Howland Island's one brush with fame is a sad one: it was the destination Amelia Earhart was trying to reach when she vanished over the Pacific in 1937. A navigational beacon and a runway had been prepared for her arrival, which never came. Archaeologists have found traces of ancient Polynesian visitors, but the island's lack of fresh water made permanent settlement impossible, then as now. Like its neighbors, it endured a 1930s colonization attempt that the war cut short, and it is now a wildlife refuge administered from a comfortable distance.
Kingman Reef

Kingman Reef barely qualifies as land at all. At its largest, the dry portion amounts to a few acres of coral rubble poking above the waves, with a highest point of around five feet, and it spends much of its existence partly submerged. It is genuinely dangerous to ships, which tend to discover it the hard way. Pan American Airways once used the sheltered lagoon as a rest stop for its flying boats in the 1930s, the closest the reef has ever come to hosting guests. Today it is a wildlife refuge whose population is essentially all sharks, with a healthy supporting cast of corals and the occasional green sea turtle dropping by to eat.
Palmyra Atoll

Palmyra gets the closing spot because it is the strangest of all. Sitting roughly 1,000 miles south of Hawaii in the middle of nowhere, it holds a distinction no other place on this list can claim: it is the only incorporated territory of the United States, meaning the full force of the US Constitution technically applies to a ring of uninhabited islets where the permanent population is zero. It ended up this way by accident of paperwork, left out when Hawaii became a state in 1959 for reasons historians still cannot fully explain. Co-managed by the Fish and Wildlife Service and the Nature Conservancy, it hosts a small rotating crew of researchers and a notorious past, including a famous 1974 double murder that later became a bestselling book. It is the most constitutionally protected patch of nobody-lives-here on earth.

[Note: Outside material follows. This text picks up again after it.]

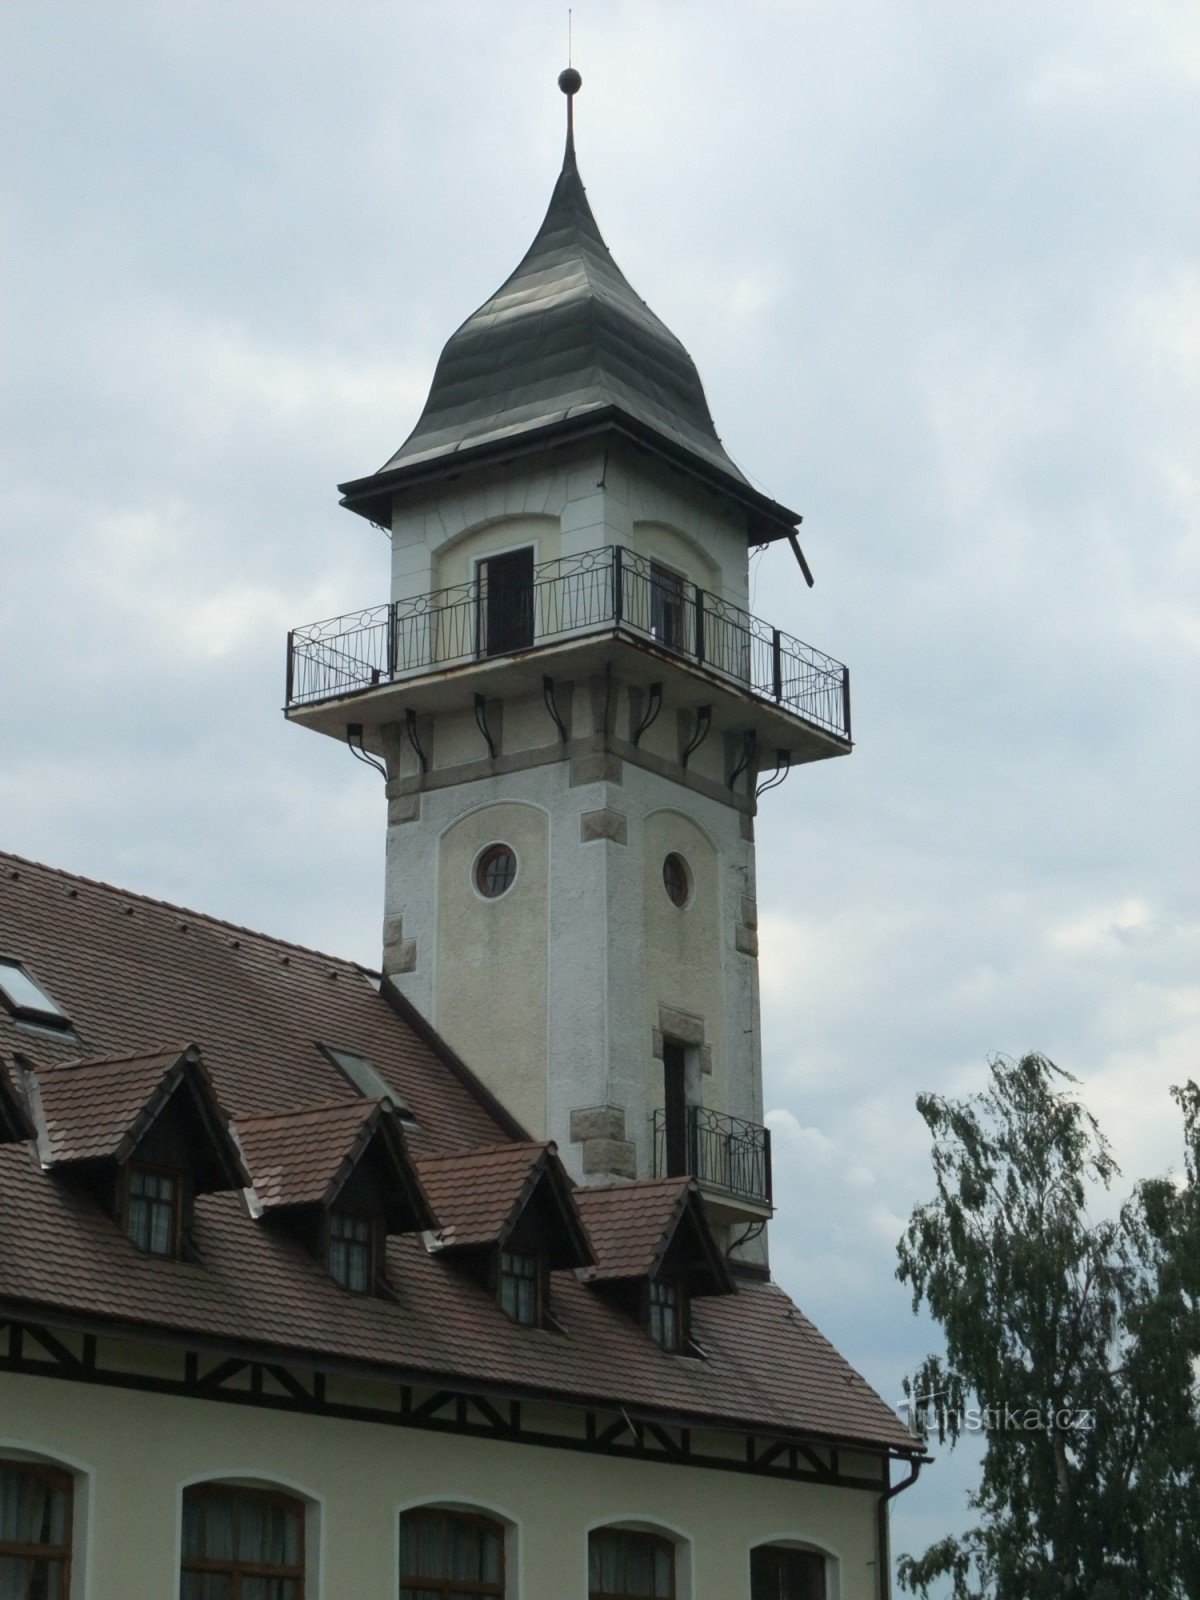 Petřín - Jablonec nad Nisou 瞭望塔就像在您的手掌中

The Loneliest Corners Of America
What ties these nine together is a single repeating story. Almost all were claimed for their bird droppings, briefly fought over or fortified, half-heartedly colonized, then abandoned to the wildlife that never wanted company in the first place. Today nearly every one is a national wildlife refuge, which is the rare happy ending for places this badly used. The United States stretches a great deal further than the map in the classroom suggests, all the way out to a shark-filled reef, an albatross airfield, and a constitutionally American rock where, on most days, nobody is home at all.